> **YOUR INSTRUCTIONS**: Starting with the line that contains "ใส่ซองขาวมาด้วย พร้อมเขียนหน้าซองว่าให้มารอที่ไหน ถนนอะไร", copy each line exactly through the end of the listing, and omit all pictures.

> **INFORMATION PROVIDED**:
===============

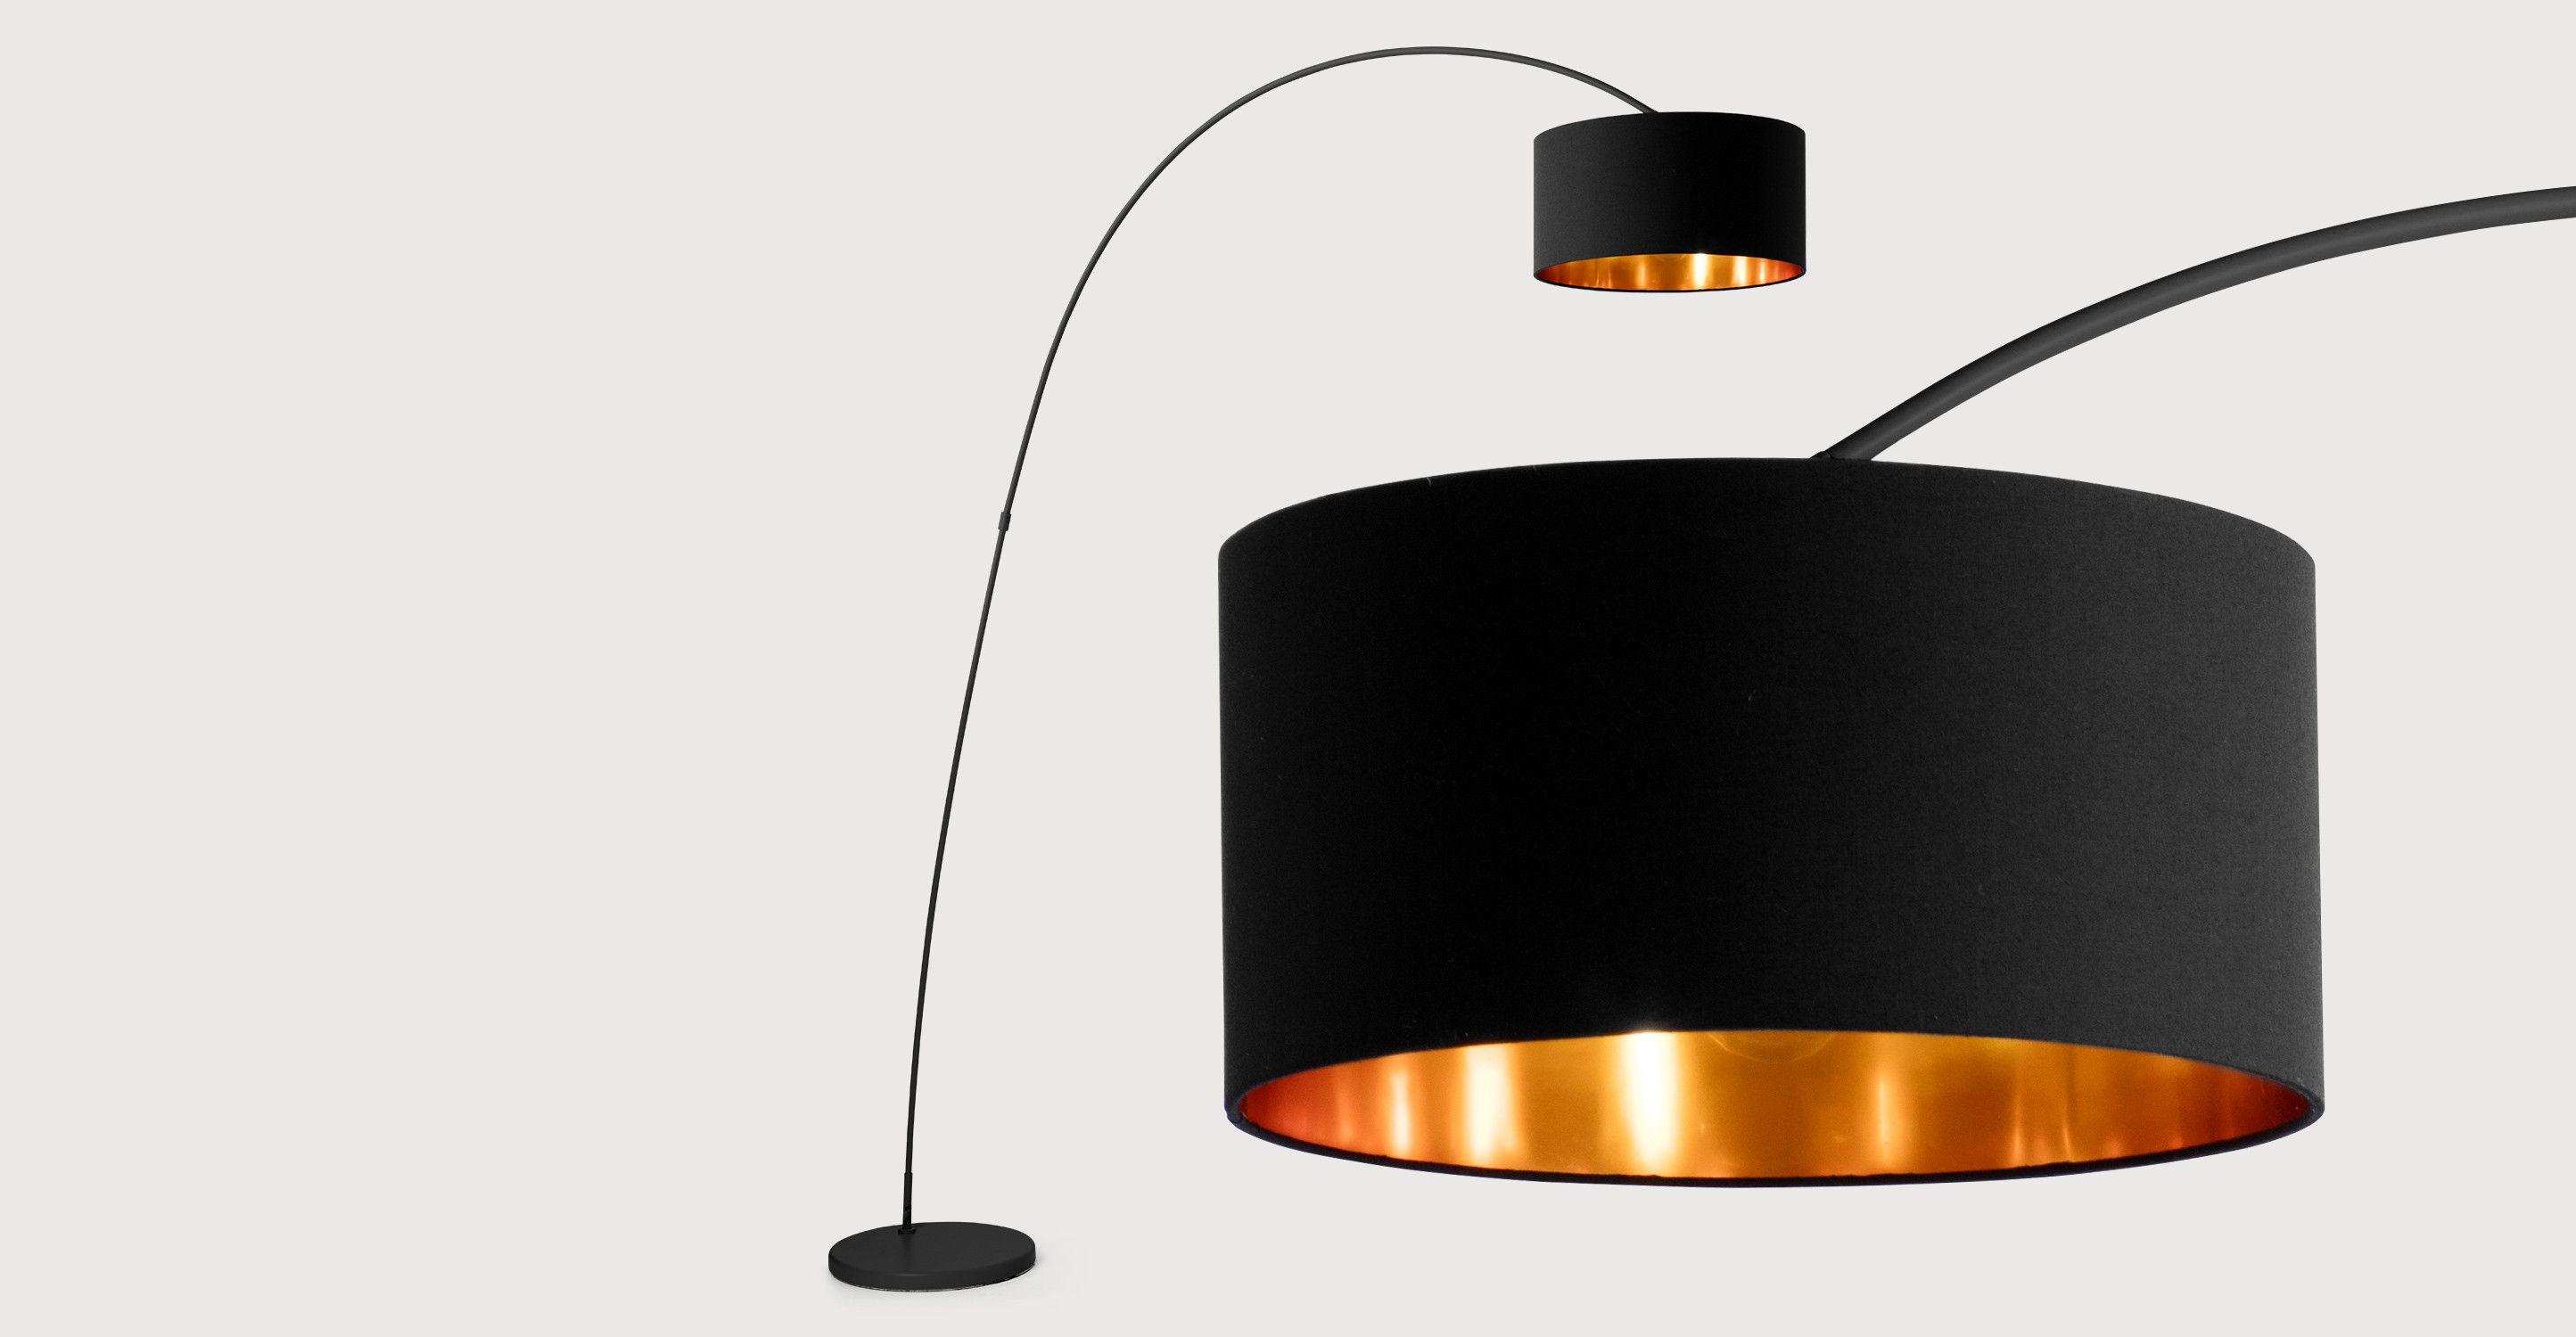 Mat zwart met koper boog lamp interieur inspiratie floor lamp
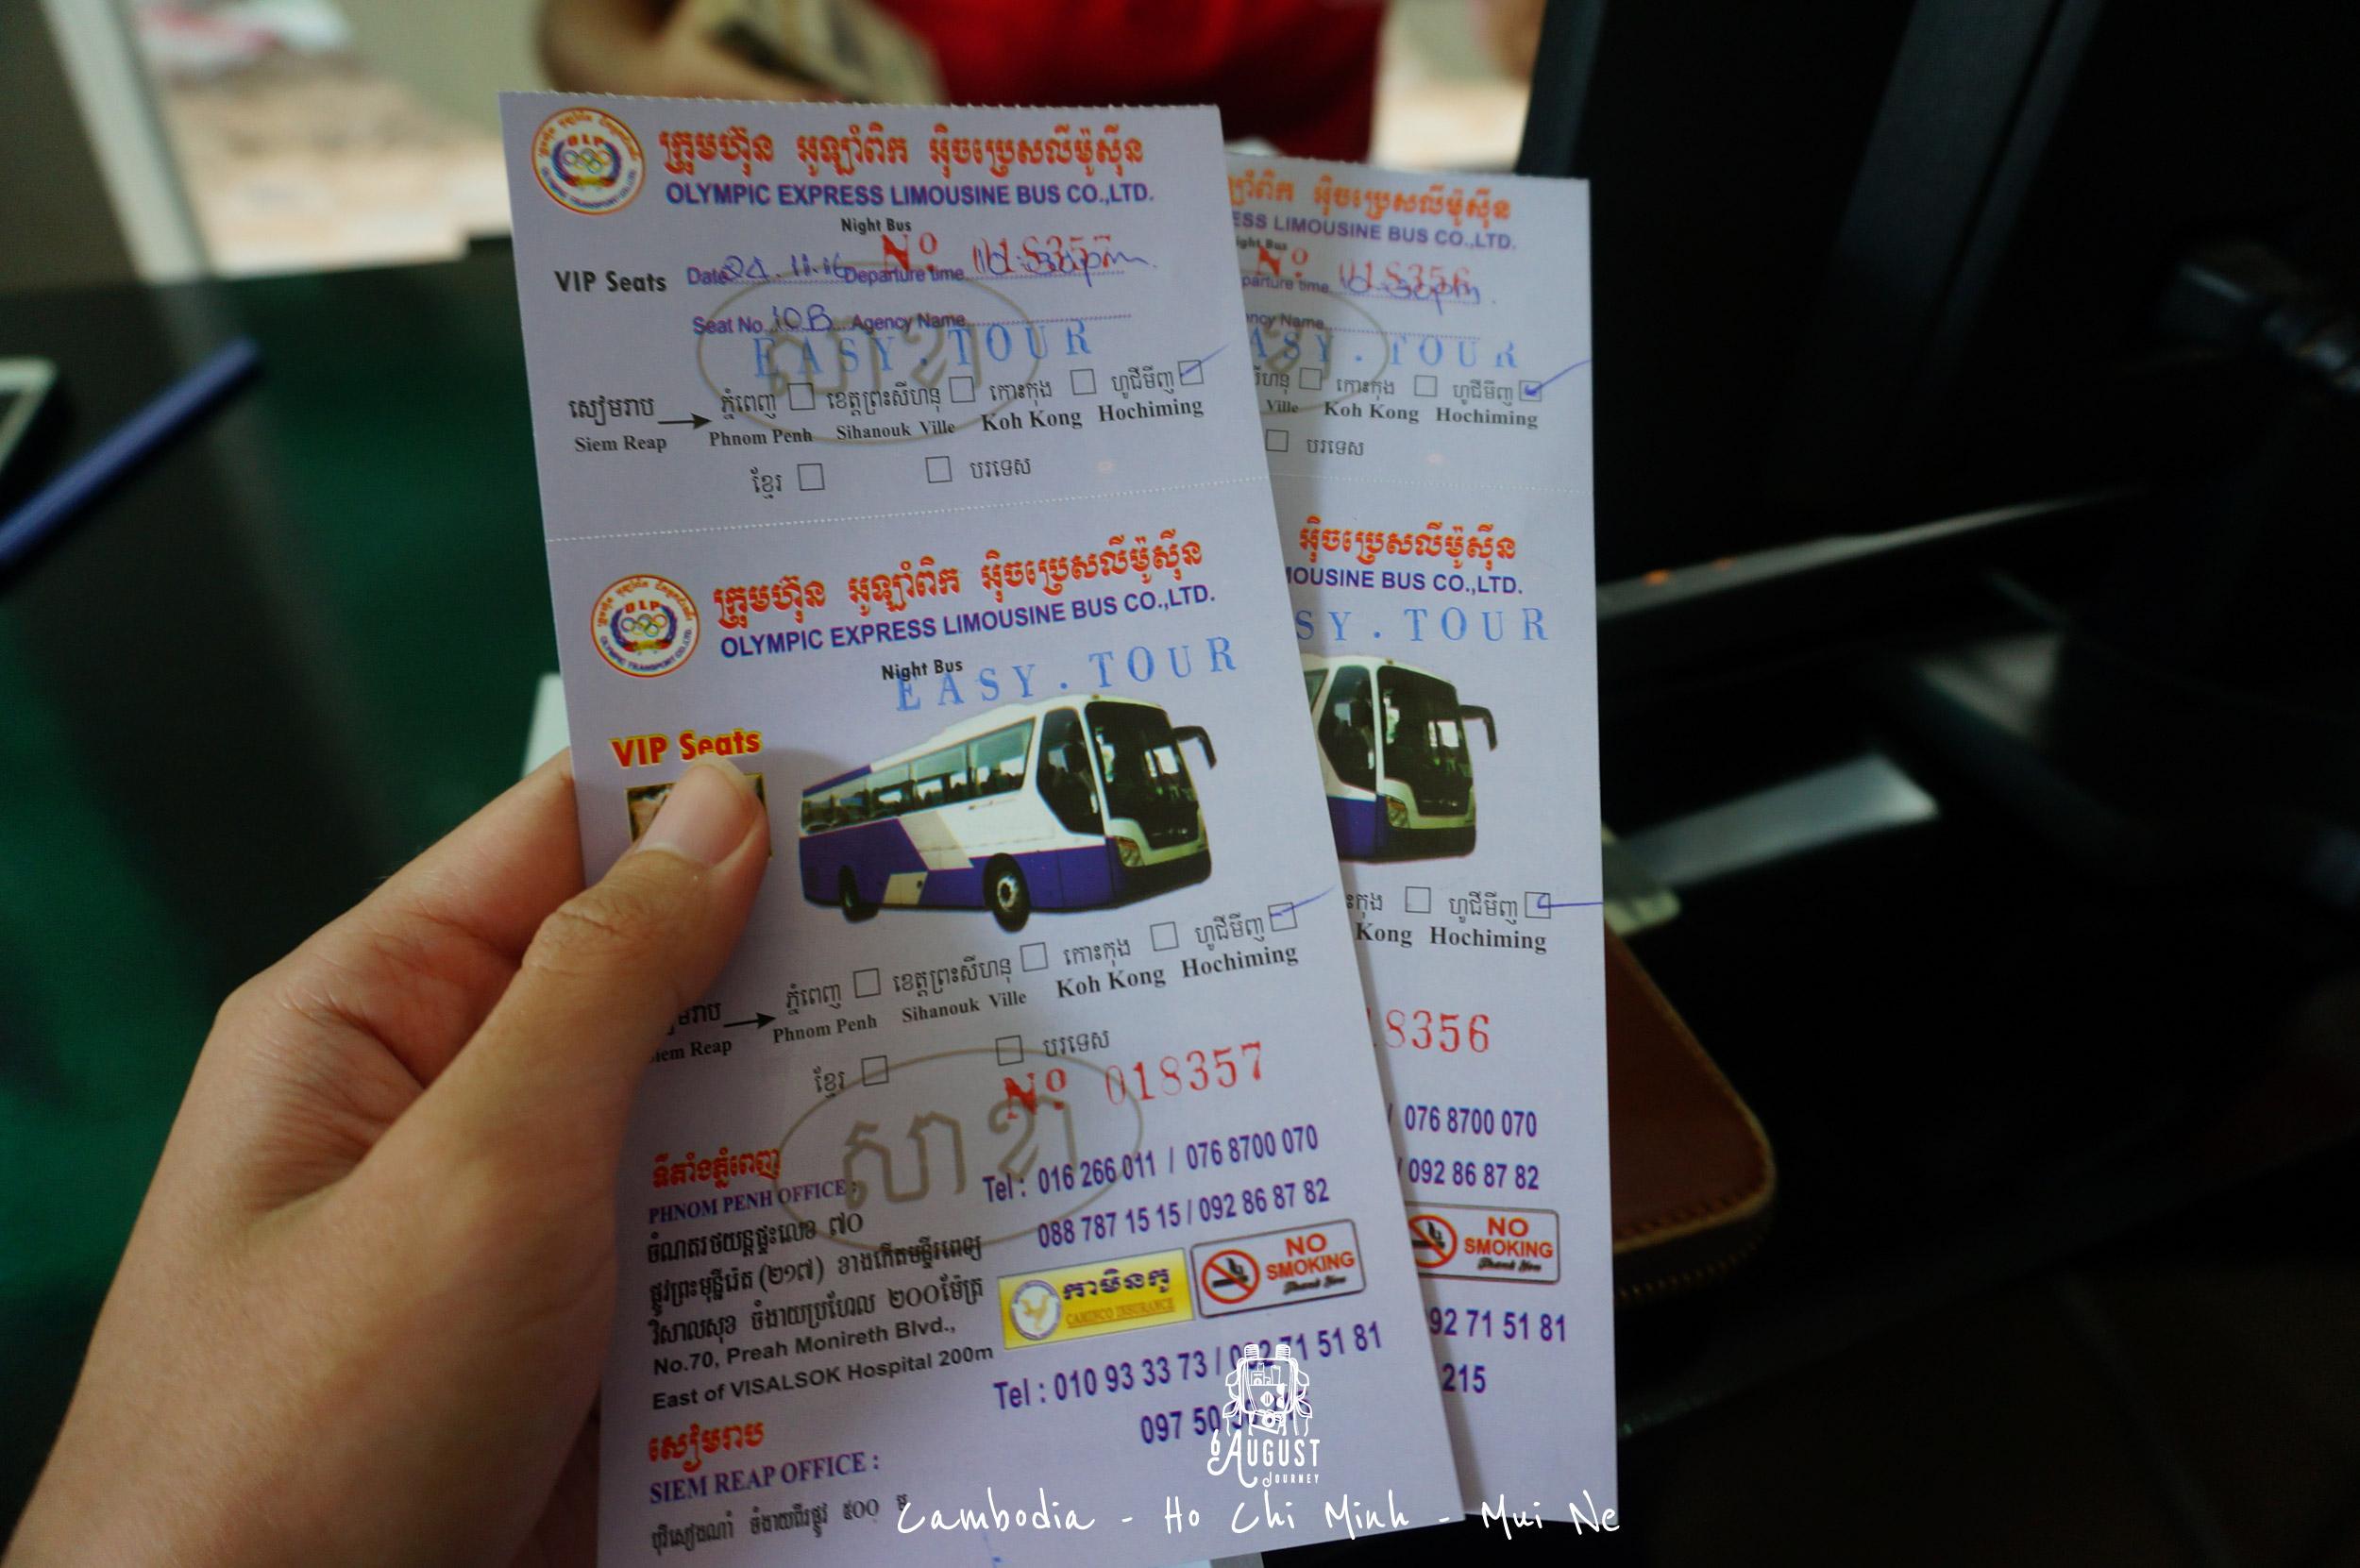 ตั๋วน่าตาแบบนี้ ใส่ซองขาวมาด้วย พร้อมเขียนหน้าซองว่าให้มารอที่ไหน ถนนอะไร ยื่นให้คนพาเที่ยวดูได้สบาย
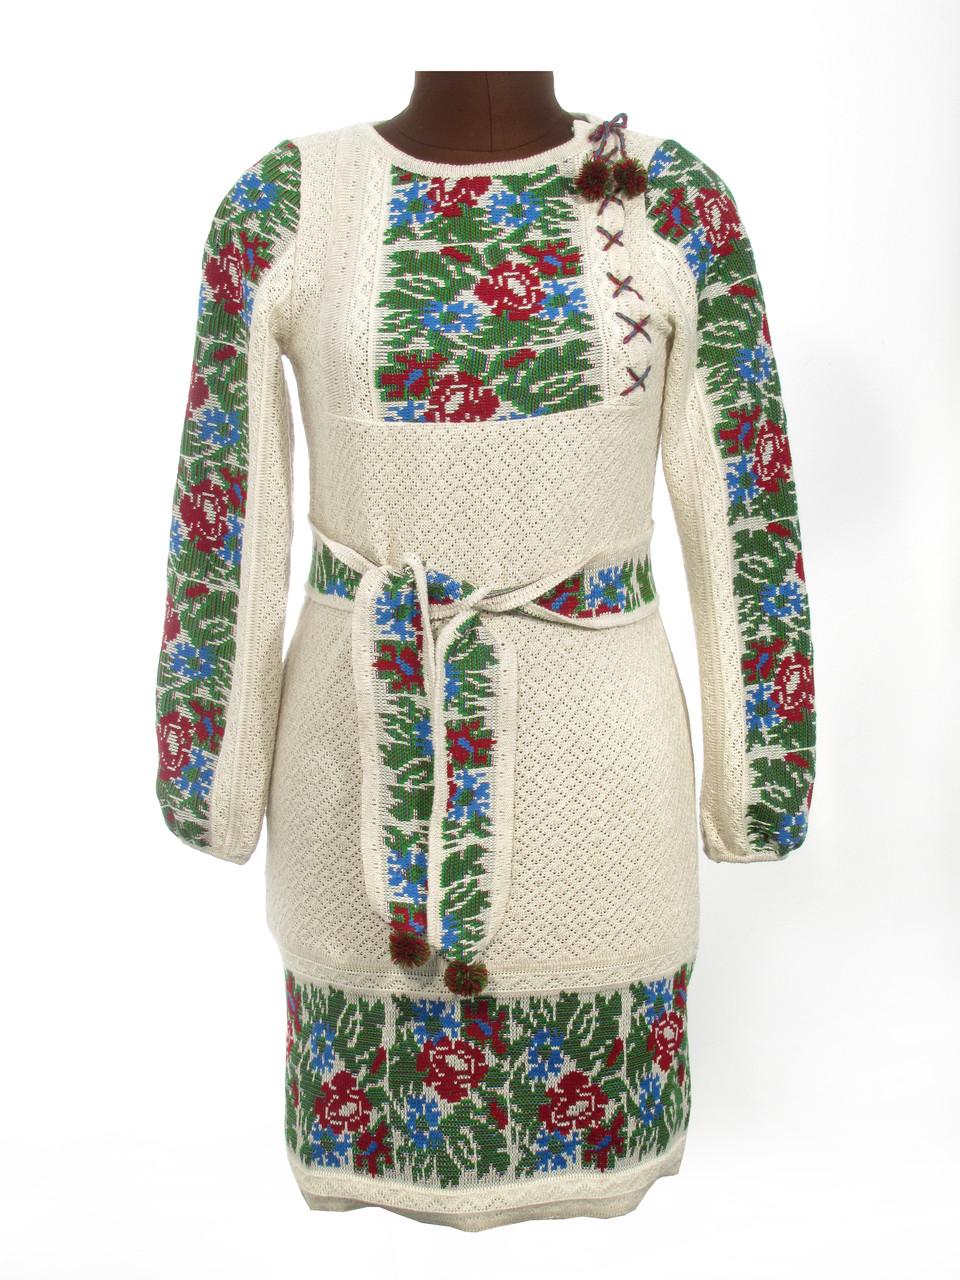 Вязаное платье Маки и васильки со вставкой

===============

> **RESULT OF THE EXERCISE**:
 ตั๋วน่าตาแบบนี้ ใส่ซองขาวมาด้วย พร้อมเขียนหน้าซองว่าให้มารอที่ไหน ถนนอะไร ยื่นให้คนพาเที่ยวดูได้สบาย
 Вязаное платье Маки и васильки со вставкой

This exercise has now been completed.